**What is required:** Look below for the line containing "Document de brevet"; from there through the line containing "Dokumente der Sozialistischen", both lines included, please set down each line exactly and nothing else.

**Entries supplied:**
•••

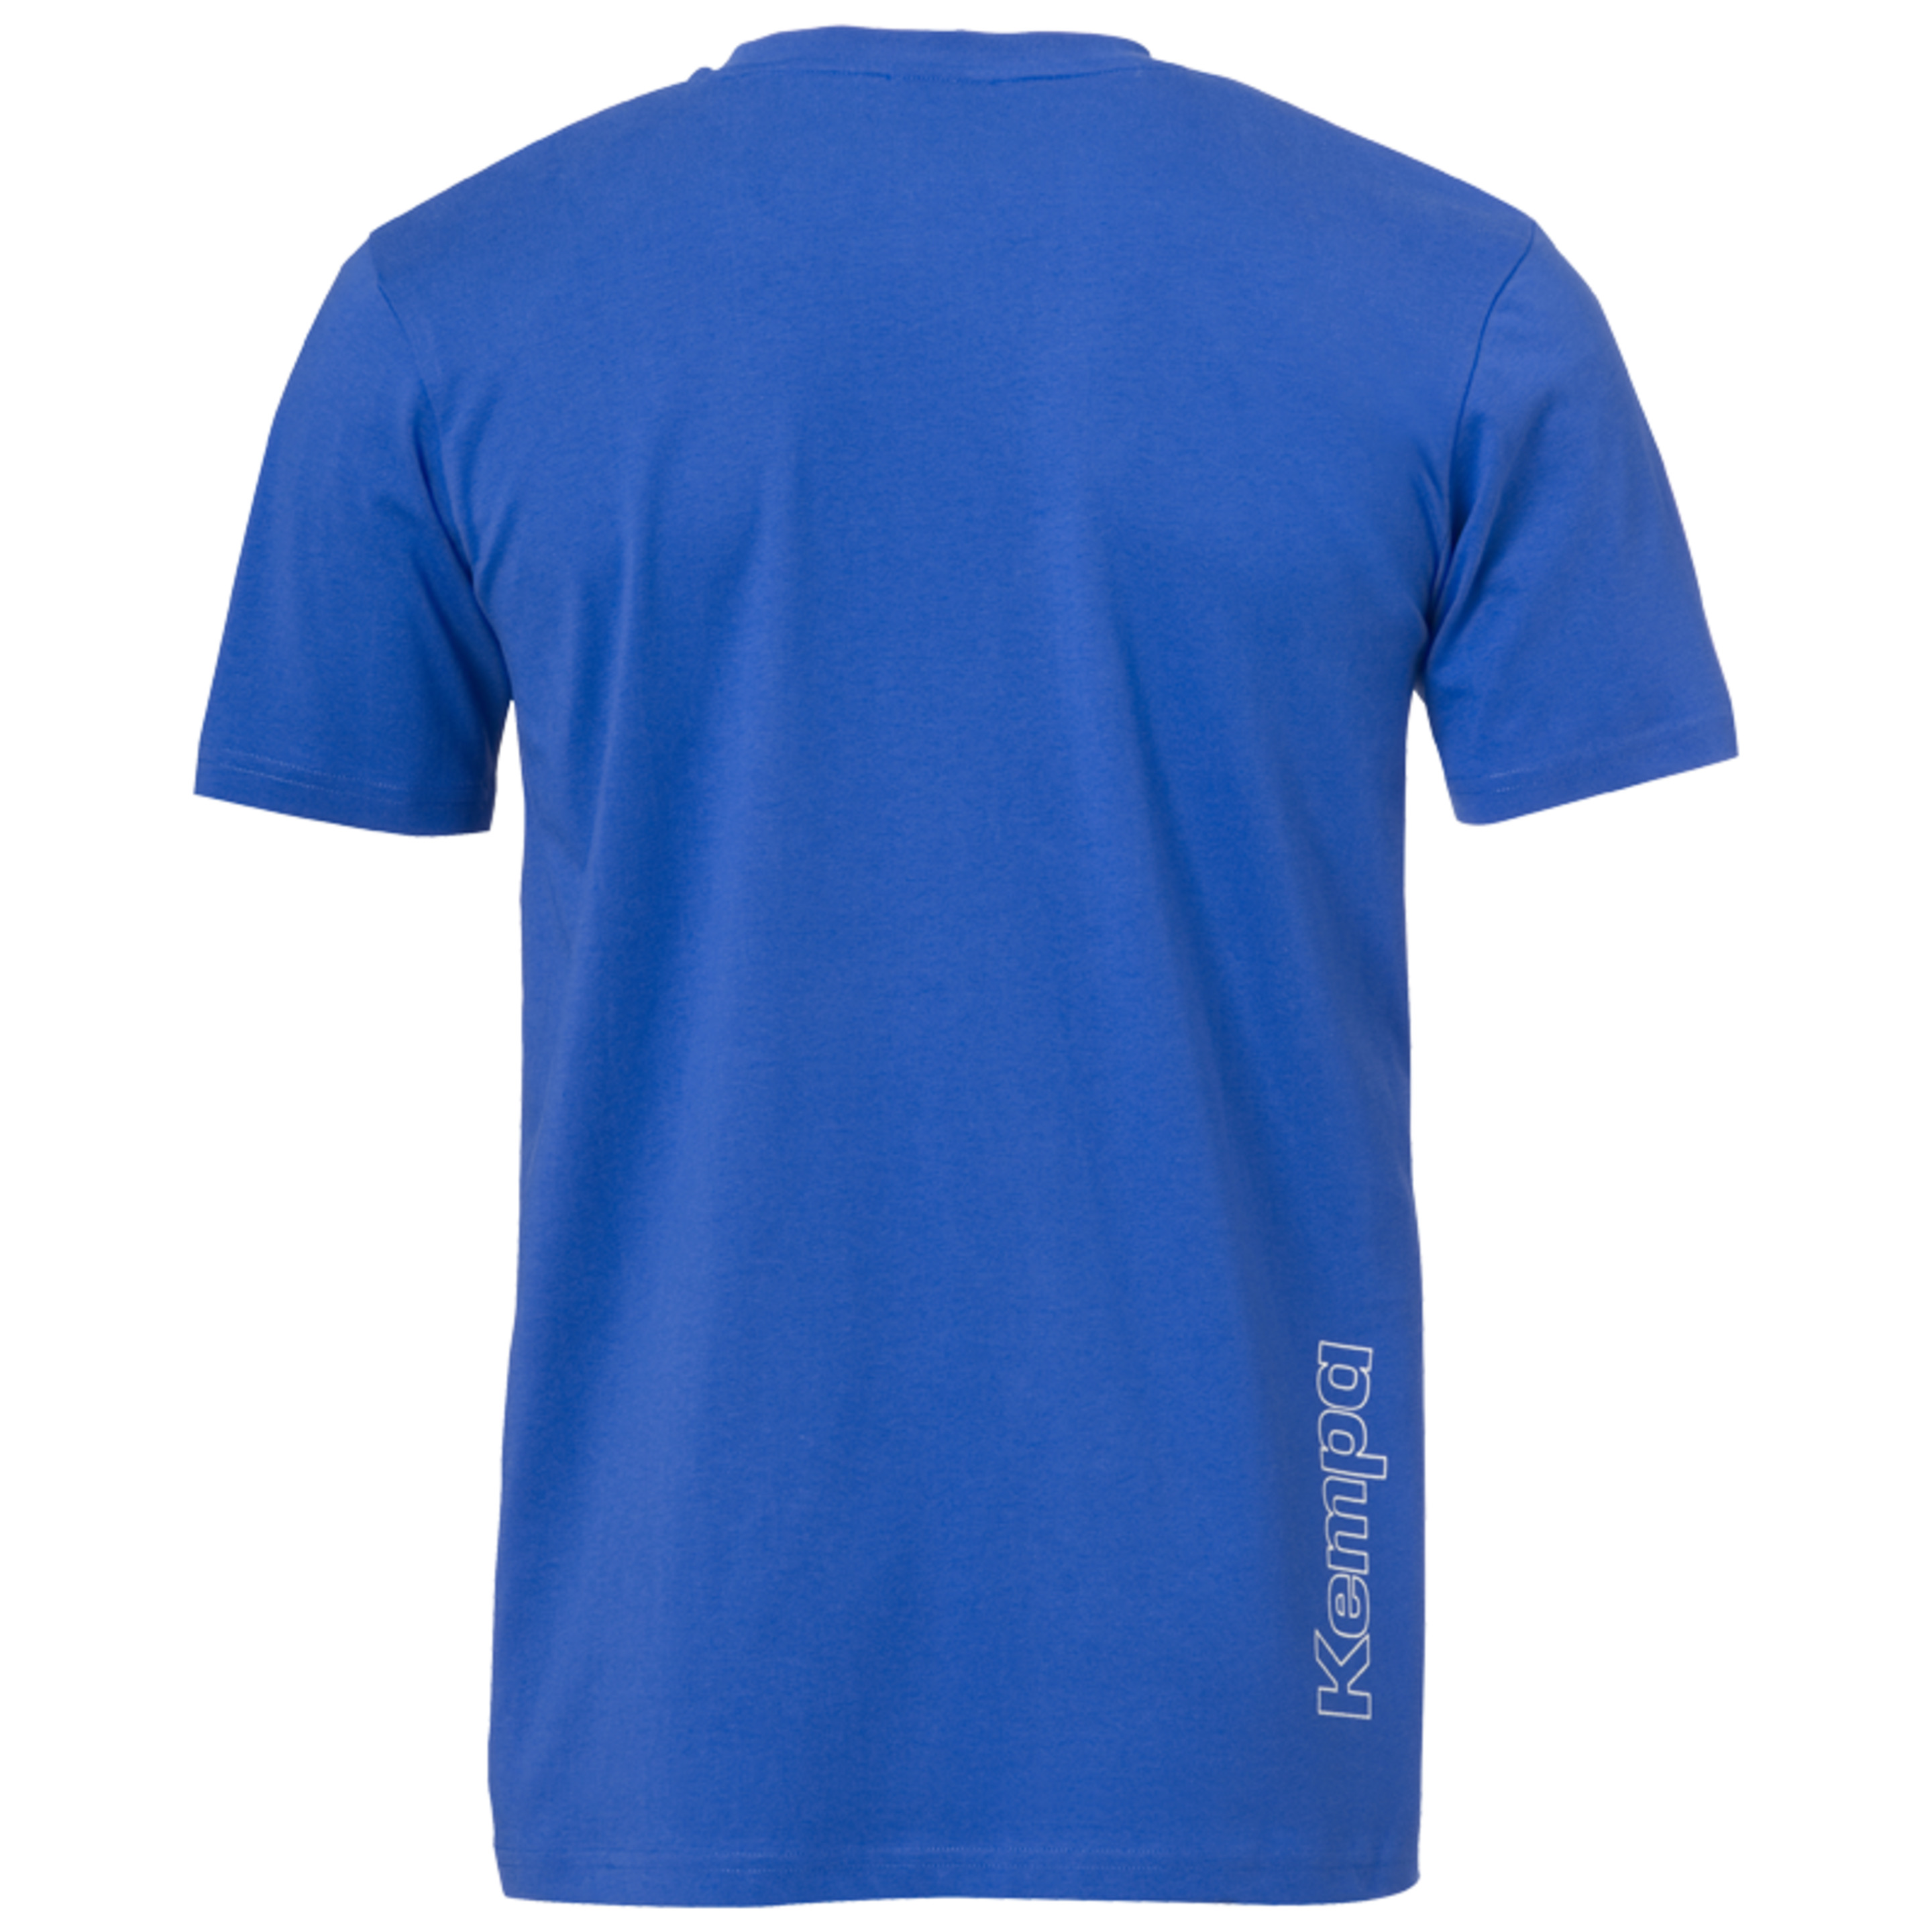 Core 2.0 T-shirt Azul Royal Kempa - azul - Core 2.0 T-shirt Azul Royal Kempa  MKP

•••

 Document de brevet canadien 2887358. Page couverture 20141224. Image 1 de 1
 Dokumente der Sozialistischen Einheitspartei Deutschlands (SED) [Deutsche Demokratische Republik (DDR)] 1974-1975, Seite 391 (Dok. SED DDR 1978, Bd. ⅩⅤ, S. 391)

•••

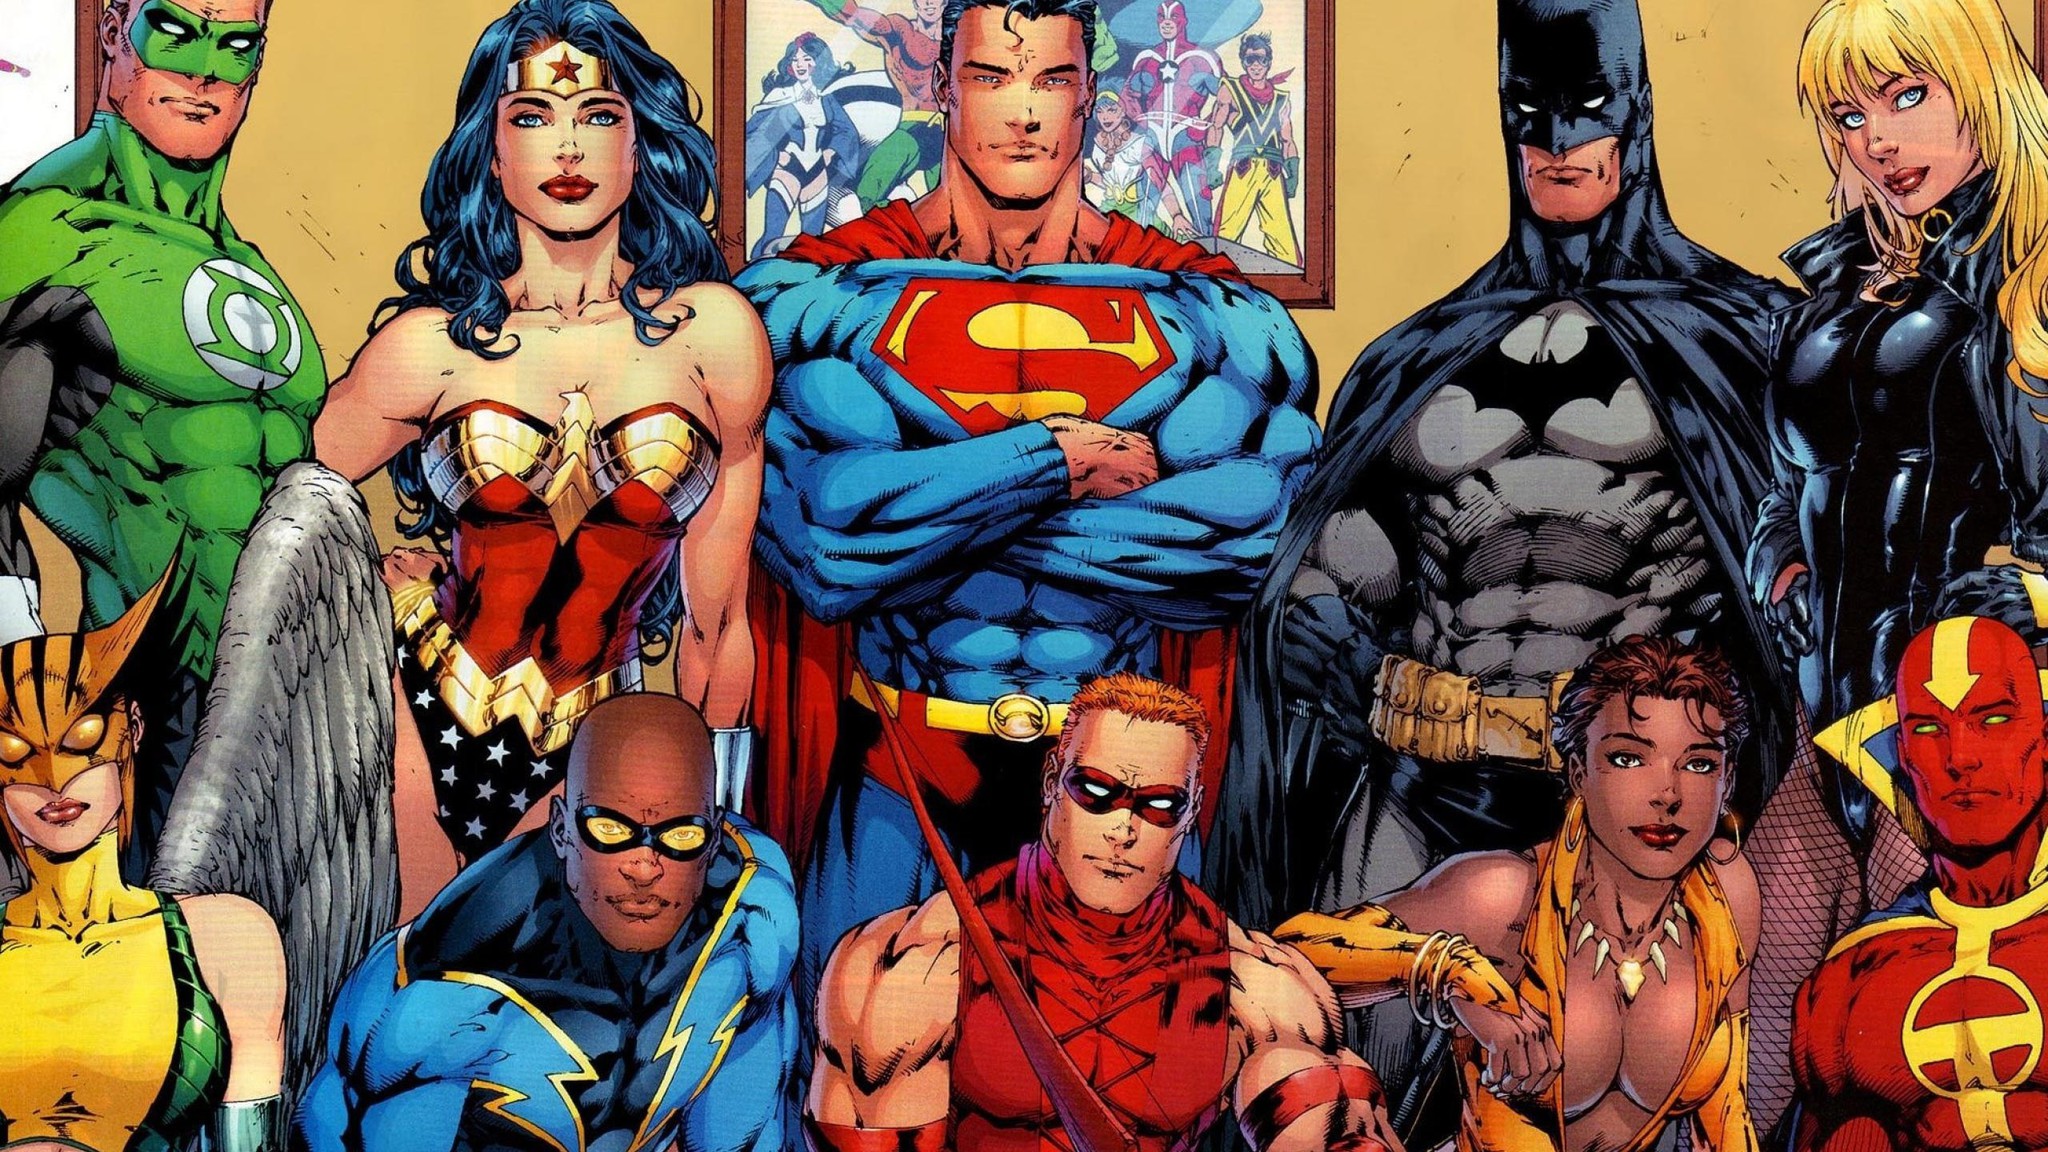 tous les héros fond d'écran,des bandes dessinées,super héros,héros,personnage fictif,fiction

•••

**Result of this task:**
 Document de brevet canadien 2887358. Page couverture 20141224. Image 1 de 1
 Dokumente der Sozialistischen Einheitspartei Deutschlands (SED) [Deutsche Demokratische Republik (DDR)] 1974-1975, Seite 391 (Dok. SED DDR 1978, Bd. ⅩⅤ, S. 391)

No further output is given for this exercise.